* [RECORDS FOR THIS TASK]:
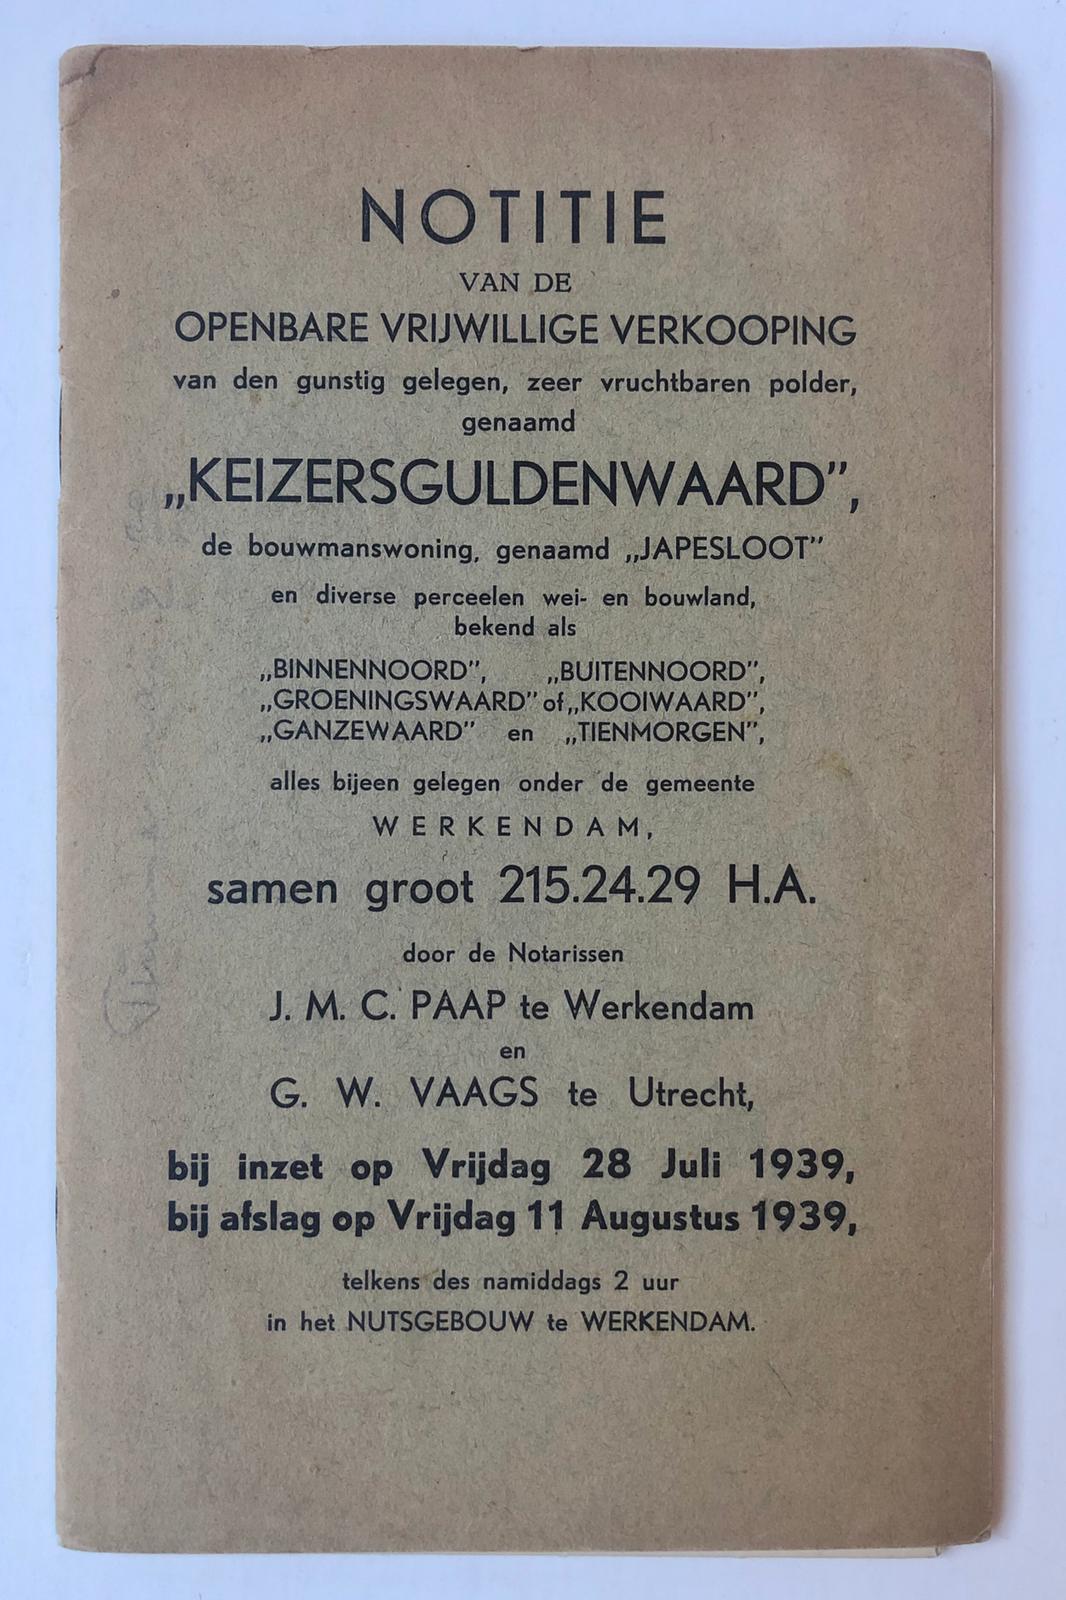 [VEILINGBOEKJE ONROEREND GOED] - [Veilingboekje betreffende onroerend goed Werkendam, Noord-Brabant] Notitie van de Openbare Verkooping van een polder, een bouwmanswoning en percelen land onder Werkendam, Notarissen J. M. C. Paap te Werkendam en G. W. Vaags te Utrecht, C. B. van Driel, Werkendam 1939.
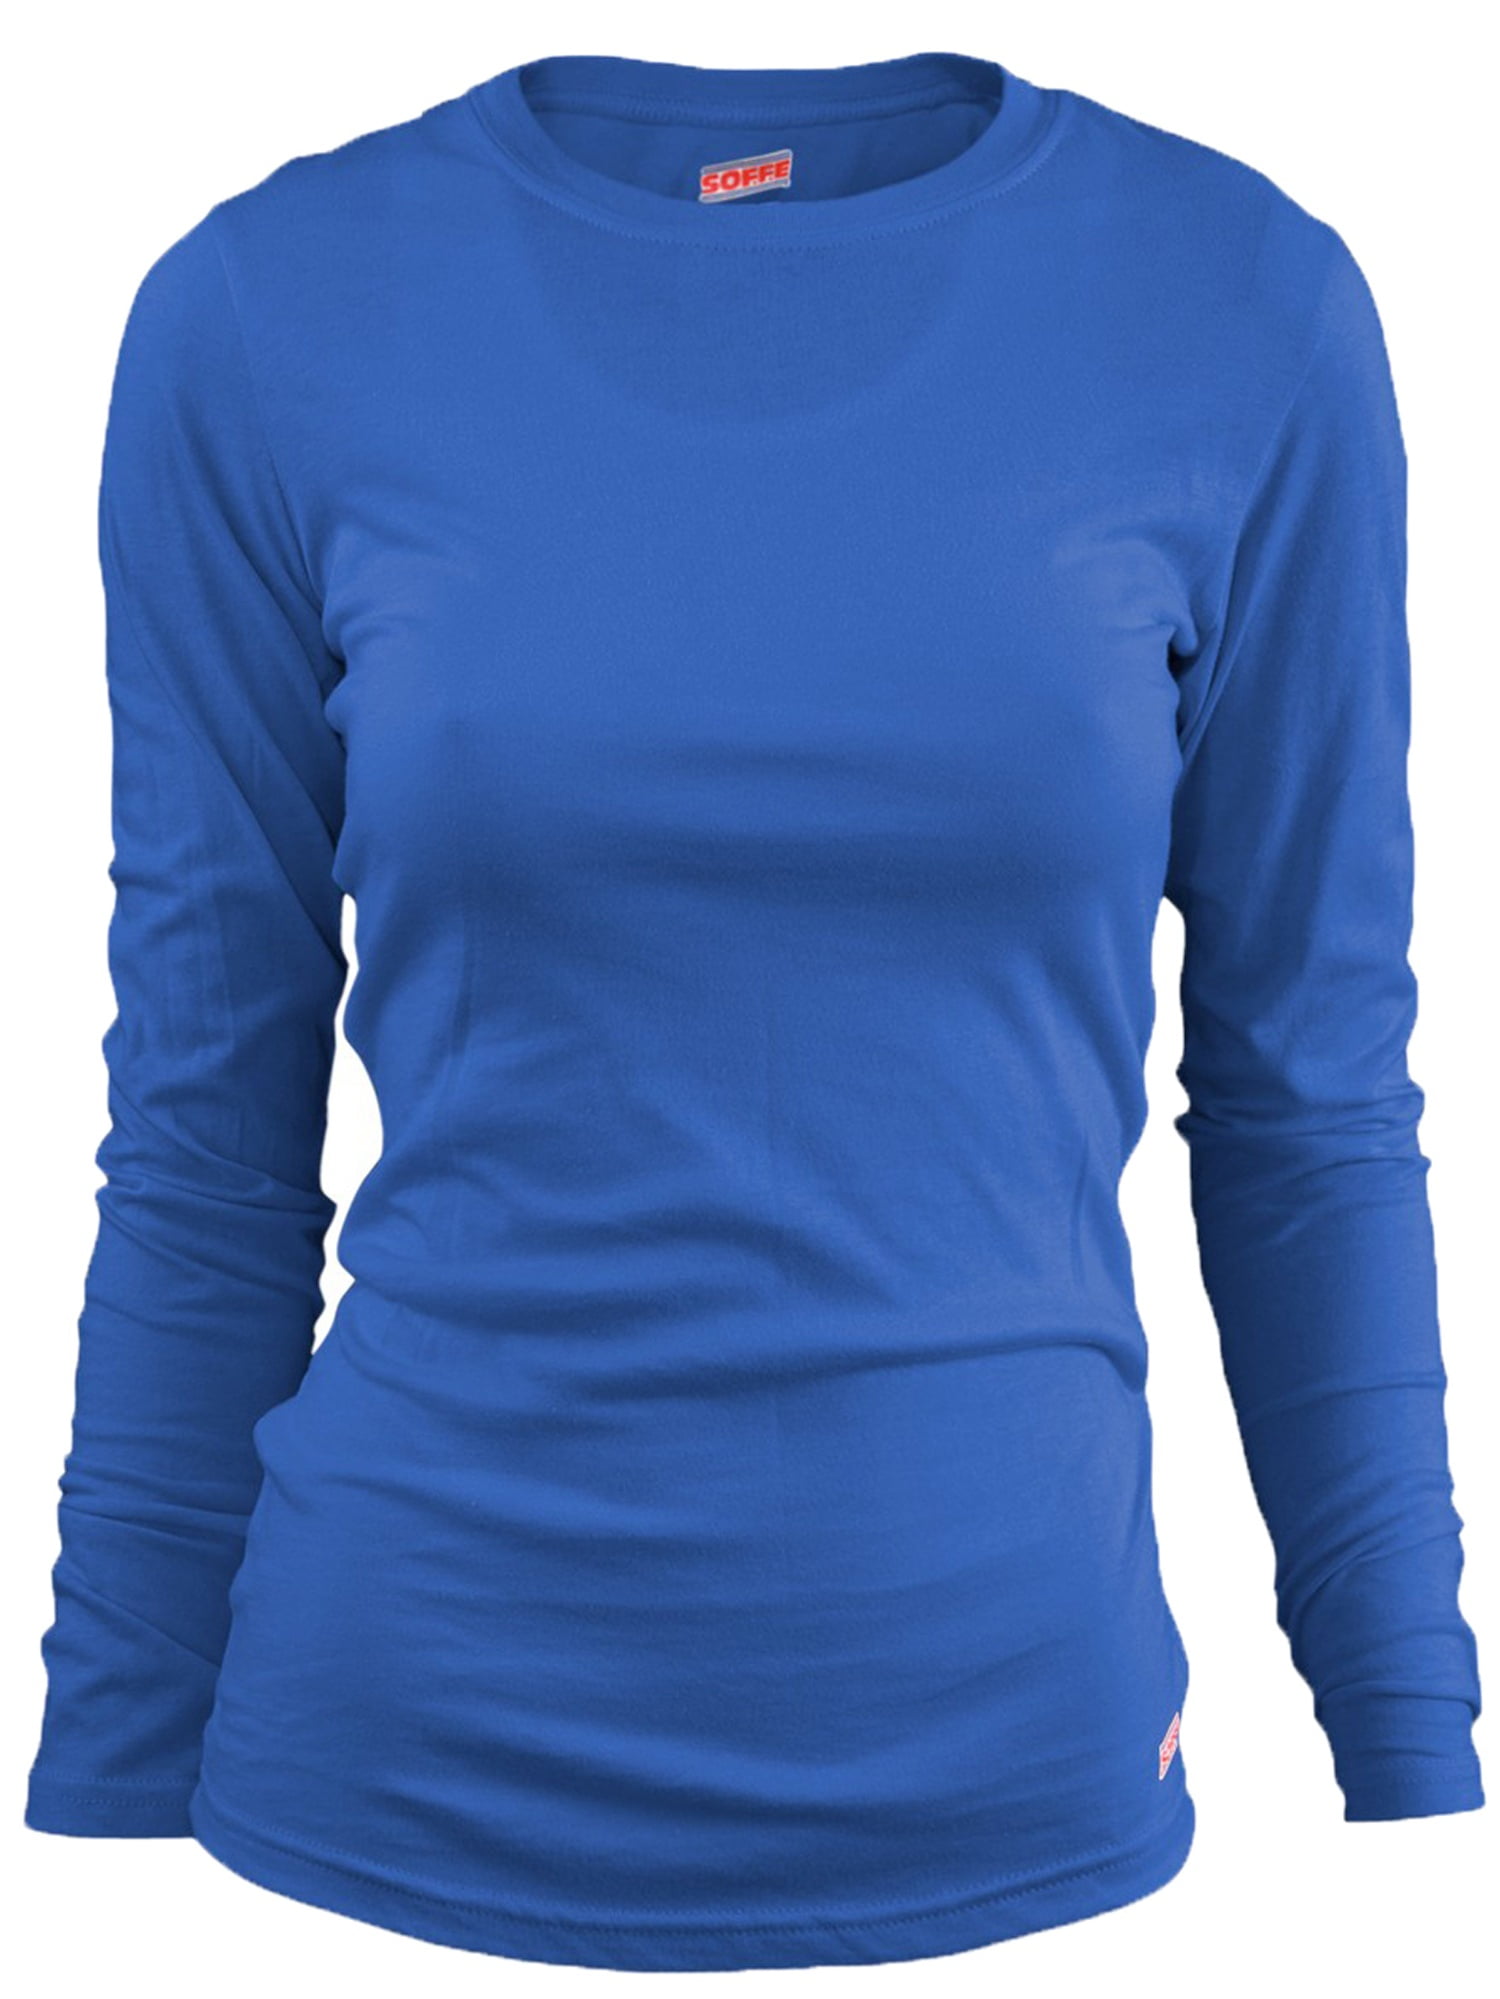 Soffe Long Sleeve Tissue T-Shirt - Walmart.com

==

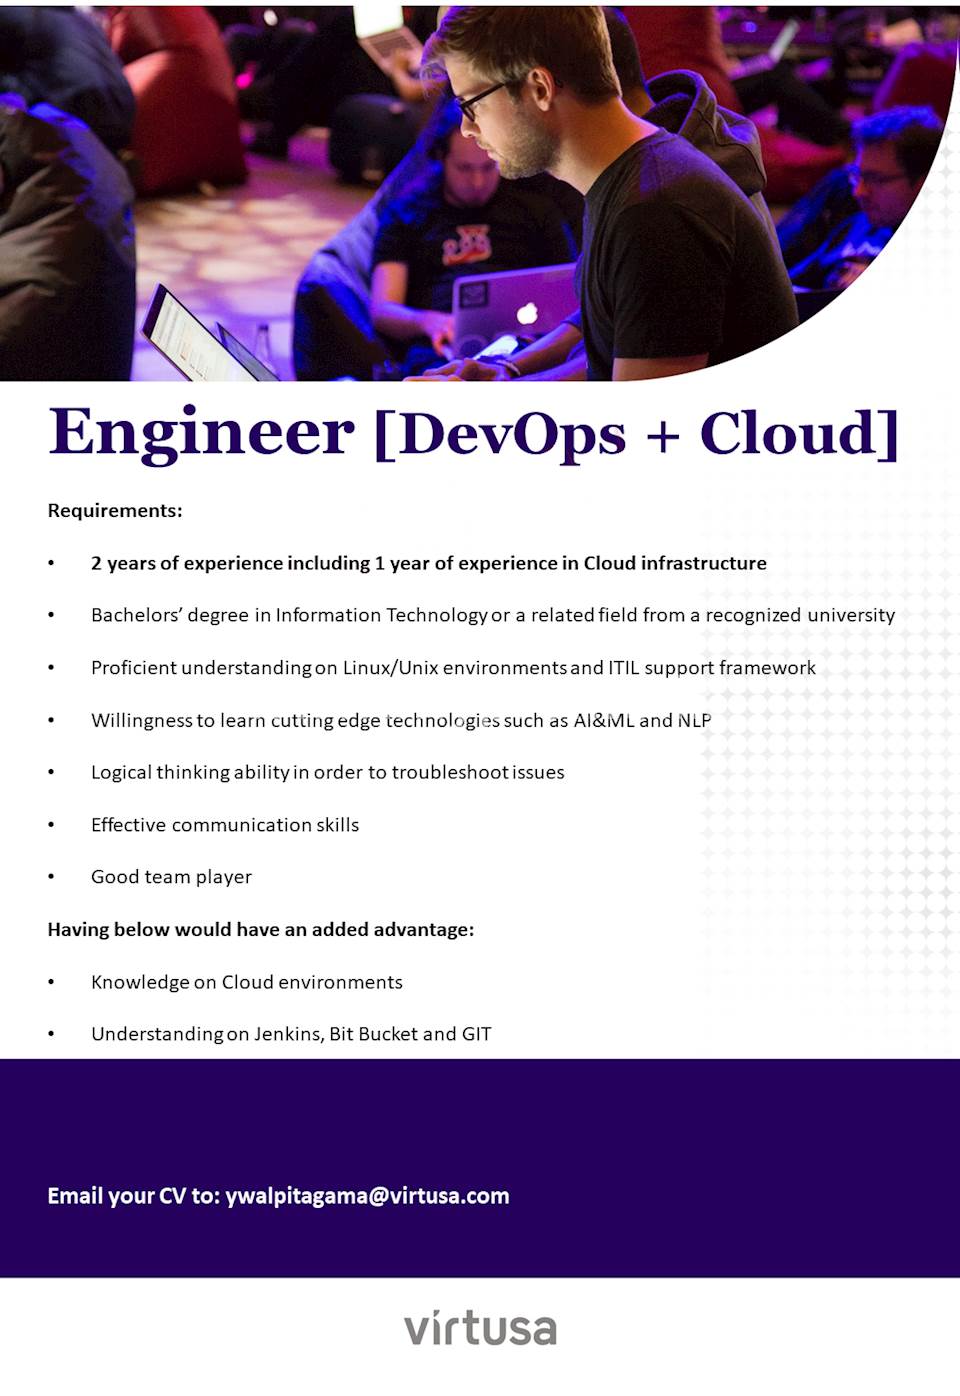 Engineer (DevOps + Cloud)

* [DIRECTIONS FOR THIS TASK]:
Copy out exactly the lines above beginning with the line that contains "[VEILINGBOEKJE ONROEREND GOED]" and finishing with the line that contains "Soffe Long Sleeve", including both; leave the pictures out.

* [OUTPUT OF THE EXERCISE]:
 [VEILINGBOEKJE ONROEREND GOED] - [Veilingboekje betreffende onroerend goed Werkendam, Noord-Brabant] Notitie van de Openbare Verkooping van een polder, een bouwmanswoning en percelen land onder Werkendam, Notarissen J. M. C. Paap te Werkendam en G. W. Vaags te Utrecht, C. B. van Driel, Werkendam 1939.
 Soffe Long Sleeve Tissue T-Shirt - Walmart.com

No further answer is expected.